The rights issue will be priced at 185p per share, equivalent to a 35 per cent discount to the theoretical ex-rights price. The offering is underwritten by Credit Suisse, Deutsche Bank, Bank of America Merrill Lynch and Citigroup.

In addition, the balance sheet would be shrunk by between £65 billion and £80 billion, Barclays said, bringing it down to £1.5 trillion. Retained earnings would make up the balance of the capital gap.

Antony Jenkins, chief executive, described the plan as “bold and decisive” and said a target to distribute 40-50 per cent of earnings in dividends would be accelerated by a year to 2014. However, the aim of exceeding the bank’s cost of capital, which Mr Jenkins has said is about 11.5 per cent, was pushed back to 2016.

Alongside the capital measures, the bank announced £2 billion of fresh mis-selling provisions, £1.35 billion to cover PPI and £650 million to cover interest rate swaps.

Barclays also announced second-quarter profits of £3.6bn on an adjusted pre-tax basis, down 17 per cent.
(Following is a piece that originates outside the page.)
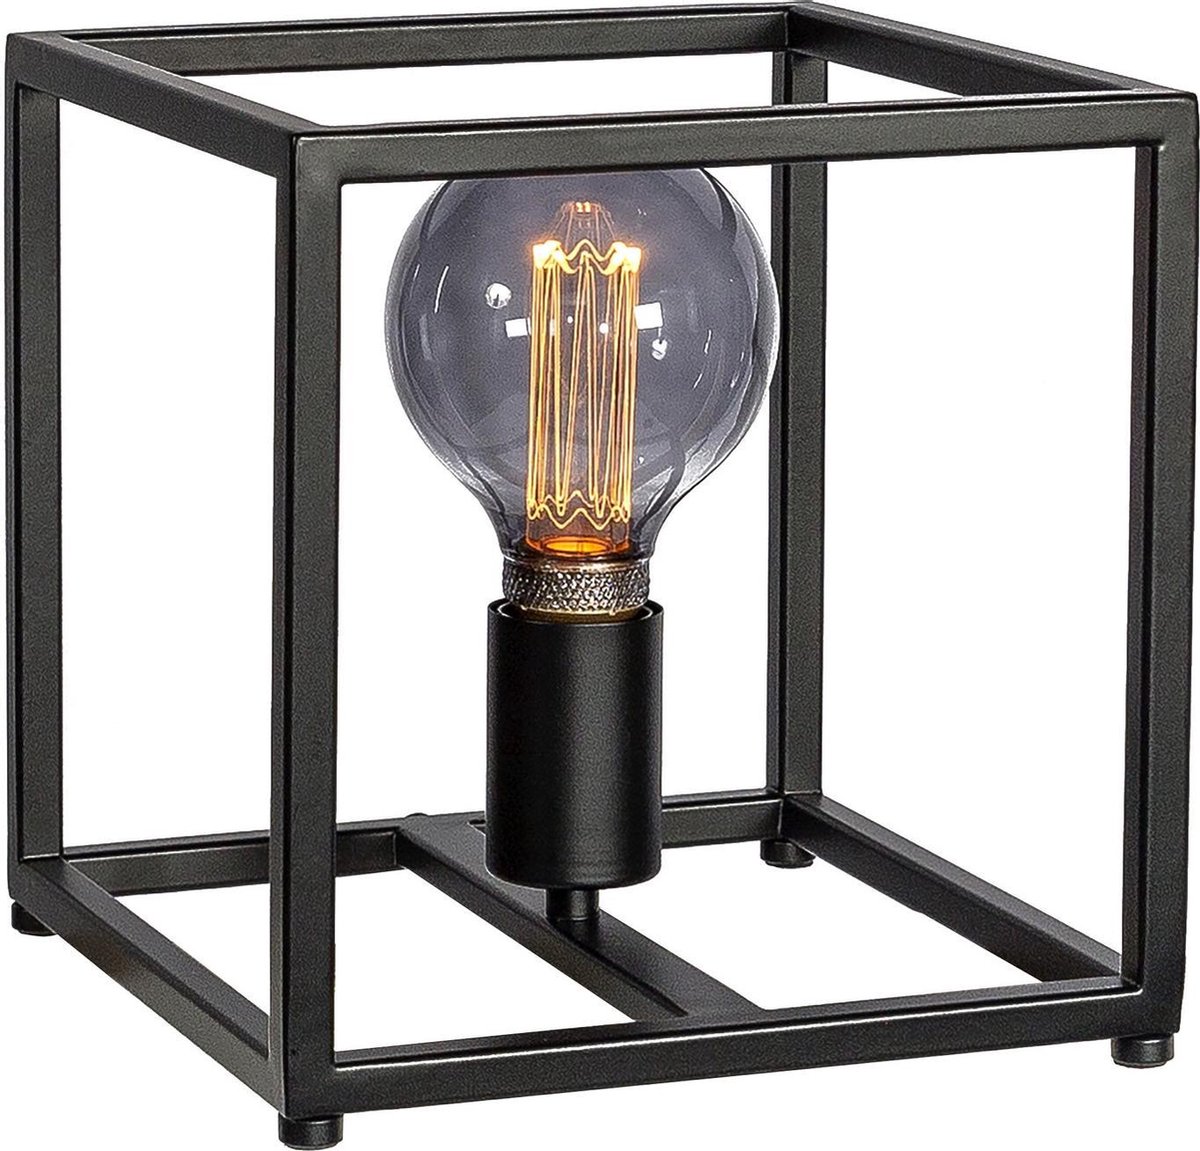 Cage - Tafellamp - small - 22cm - stalen frame - zwart - 1-lichts

Statutory pre-tax profit doubled to £1.7 billion, the bank said.

- Capital raise is in line and discount for rights is as expected so will eliminate capital shortfall.

- BARC is offsetting this by saying they will increase dividend payout earlier to 40-50%, but having to push out ROE being above COE until 2016 now.

- BARC should therefore trade at discount to their new TBV of 306p (post rights) or 336p (pre rights).

- This is not helped by 1H profits being weaker than expected with the increase in provisions being a concern.

- So overall expect BARC to be c.5% weaker today partly on capital raise and pushed backed ROE targets.

- Weaker than expected earnings likely to push consensus down 2-3%.